Читаем Разговоры с зеркалом и Зазеркальем полностью

Сидония Смит развивает подобную же мысль, говоря о том, что женщина-автобиограф все время имеет в виду реакцию читателя, стоящего на позициях господствующего патриархального дискурса. В собственных декларациях и избираемых «нарративных структурах она обнаруживает свое понимание возможности чтения (интерпретации), которому она может быть подвергнута со стороны публики, в чьих руках власть над ее репутацией»[107], то есть всегда помнит, что ее женский текст будут читать именно как женский, а значит, иначе, чем мужской. По мнению Смит, адресат женской автобиографии, по крайней мере до XX века, — это мужское «ты», «он», тот, кто представляет доминантный порядок в качестве судьи с позиции существующей идеологии гендера. «Как арбитр, молчаливый партнер автобиографического контракта он получает привилегию власти»[108]. Текстовые стратегии женской автобиографии строятся в двойственной перспективе: «остро чувствуя ожидания читателя и свои, часто находящиеся в конфликте с последними, желания, она (женщина-автобиограф. — И.С.) осуществляет иногда элегантный, иногда судорожный баланс между прогнозируемыми читательскими ожиданиями и ответными авторскими маневрами»[109].
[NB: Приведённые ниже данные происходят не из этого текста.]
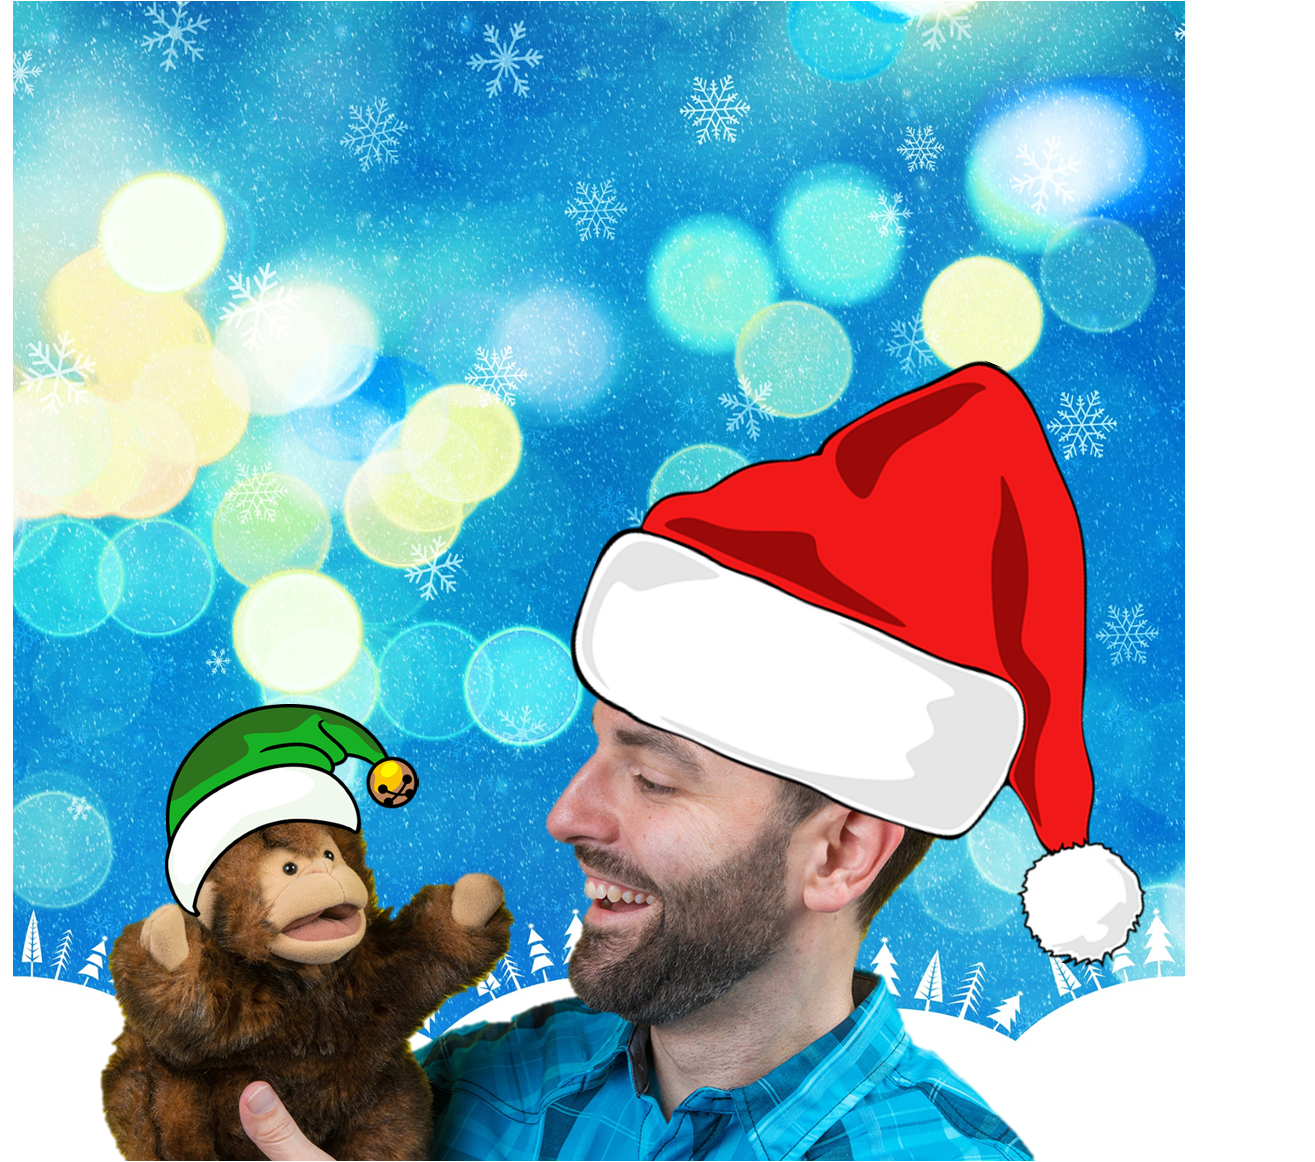 Image of Mr. Jon and his monkey puppet with added santa/elf hat and a sparkly, snowy background.

Возвращаясь к концепции Стантон, надо отметить, что для нее автогинография — это реализация (или попытка реализации) задачи, которая по определению кажется неисполнимой: «конституировать женский субъект в фаллоцентрической системе, которая определяет ее как объект, как несущественное другое мужчины. <…> Авторизованное письмо о себе, создание Себя (своего Я) в акте письма („graphing of the auto“) было актом самоутверждения, которое одновременно и отвергало, и сохраняло женский статус»[110].

Но, сосредоточиваясь на этом самоосвобождающем акте письма, выбрасывая «bio» из жанровой дефиниции, говоря о «смерти женщины-автора», деконструирующей навязанную ей социокультурную роль в самом акте автописьма, Стантон обсуждает и возникающее в этом случае противоречие: подпись, женское имя автора в конце текста в определенном смысле дезавуирует эти деконструктивные усилия, «постоянно генерируя ограниченное и искаженное чтение»[111].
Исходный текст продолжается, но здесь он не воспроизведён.